→ **WHAT TO WORK ON**
The response must contain every line from the records below that has "Stock".

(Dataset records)
--- START ---
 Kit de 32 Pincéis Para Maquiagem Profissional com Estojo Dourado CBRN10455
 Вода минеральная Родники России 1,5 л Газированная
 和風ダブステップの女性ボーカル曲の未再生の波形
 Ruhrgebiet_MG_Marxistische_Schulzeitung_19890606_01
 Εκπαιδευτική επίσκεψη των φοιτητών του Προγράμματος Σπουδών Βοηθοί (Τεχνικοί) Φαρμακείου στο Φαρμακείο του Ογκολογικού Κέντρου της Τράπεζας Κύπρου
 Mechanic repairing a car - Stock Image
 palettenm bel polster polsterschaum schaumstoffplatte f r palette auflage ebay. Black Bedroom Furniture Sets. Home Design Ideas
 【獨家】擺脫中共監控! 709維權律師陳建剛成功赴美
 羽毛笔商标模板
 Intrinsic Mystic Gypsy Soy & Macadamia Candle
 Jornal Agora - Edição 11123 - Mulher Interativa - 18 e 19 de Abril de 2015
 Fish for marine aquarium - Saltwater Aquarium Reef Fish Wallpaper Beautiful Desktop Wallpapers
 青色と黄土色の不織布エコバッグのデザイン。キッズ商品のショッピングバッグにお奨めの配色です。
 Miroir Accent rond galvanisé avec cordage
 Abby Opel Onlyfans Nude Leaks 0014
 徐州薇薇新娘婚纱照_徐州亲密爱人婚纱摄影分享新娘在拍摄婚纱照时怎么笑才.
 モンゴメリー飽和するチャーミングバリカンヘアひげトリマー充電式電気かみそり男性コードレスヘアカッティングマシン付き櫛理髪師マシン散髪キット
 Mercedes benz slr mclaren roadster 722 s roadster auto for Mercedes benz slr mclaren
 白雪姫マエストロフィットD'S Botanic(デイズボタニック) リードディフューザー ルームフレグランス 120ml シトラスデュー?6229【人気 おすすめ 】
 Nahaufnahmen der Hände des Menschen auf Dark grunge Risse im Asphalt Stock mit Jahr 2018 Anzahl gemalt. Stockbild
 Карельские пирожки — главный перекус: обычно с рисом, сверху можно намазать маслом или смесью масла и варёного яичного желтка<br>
--- END ---
→ **ANSWER BOX**
 Mechanic repairing a car - Stock Image
 Nahaufnahmen der Hände des Menschen auf Dark grunge Risse im Asphalt Stock mit Jahr 2018 Anzahl gemalt. Stockbild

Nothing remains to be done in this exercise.